A valid string must meet the following requirements:
- An open parenthesis must be closed with a close parenthesis of the same type.
- The left parentheses must be closed in the correct order.
Example 1:
Input: s = "()" output: trueCopy the code
Example 2:
Input: s = "()[]{}" Output: trueCopy the code
Example 3:
Input: s = "(]" Output: falseCopy the code
Example 4:
Input: s = "([)]" Output: falseCopy the code
Example 5:
Input: s = "{[]}" Output: trueCopy the code
Tip:
- 1 <= s.length <= 10^4
- S consists only of parentheses ‘()[]{}’
Second, train of thought analysis
"()" "() [] {}" "{[]}"Copy the code
Look at the inputs in a given example of a valid string and process them in order that at one point they are all symmetric.
According to the last in, first out (LIFO) principle of the stack, the order of loading and unloading of a set of data is exactly symmetric.
So we can use the stack to push characters one by one, and when we find a matching pair we push them off the stack.
Of course, the operation of pushing and removing the close parenthesis on the stack can be omitted. When the close parenthesis matches the character at the top of the stack, the open parenthesis at the top of the stack can be directly pushed off the stack.
Pushing each pair of brackets off the stack ensures that the top bracket is always the next left bracket that needs to be matched.

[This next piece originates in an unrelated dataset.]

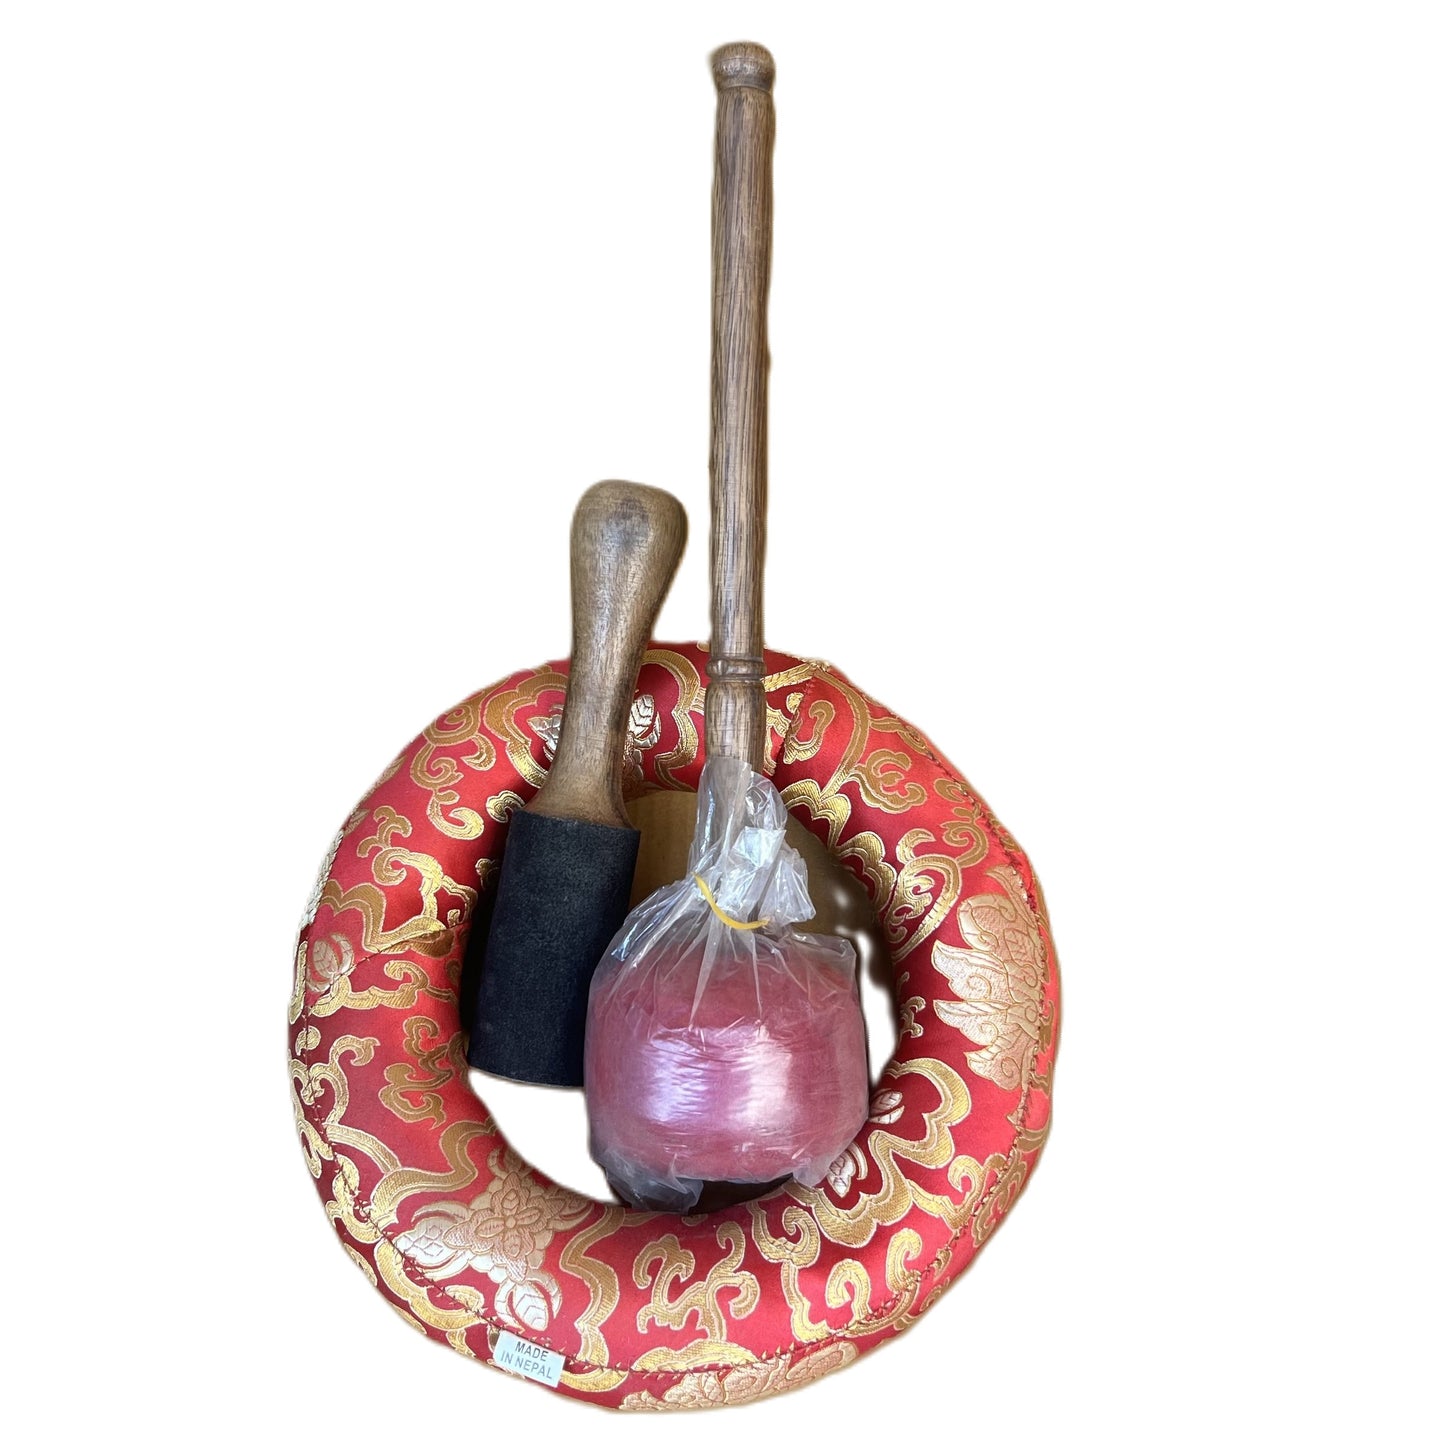 HAND-HAMMERED/ HANDMADE LARGE TIBETAN SINGING BOWL FROM NEPAL SUPPLIED WITH FREE CUSHION AND MALLET

Finally, if all strings match, the stack must be empty. If the stack is not empty, the input is not a valid string.
AC code
/** * @param {string} s * @return {Boolean} */ const isValid = function(s) {// Use a map to maintain the mapping between open parentheses and close parentheses, which is easy to compare const map = {" (": ")", "[": "]", "{": "}"}; // An empty string returns true if (! s) { return true; } // Use a stack to hold open parenthesis const stack = []; For (let I = 0; i < s.length; i++) { const ch = s[i]; If (["(", "{","["].indexof (ch)! Else {// If the stack is not empty and the left parenthesis at the top of the stack does not match the current character, return false if (! Stack. The length | | map [stack. Pop ()]! = = ch) {return false;}}} / / if the stack is empty then return all matching! Stack. Length;};Copy the code
Four,
When encountering symmetry problems, you can try to solve the problem by starting with the stack.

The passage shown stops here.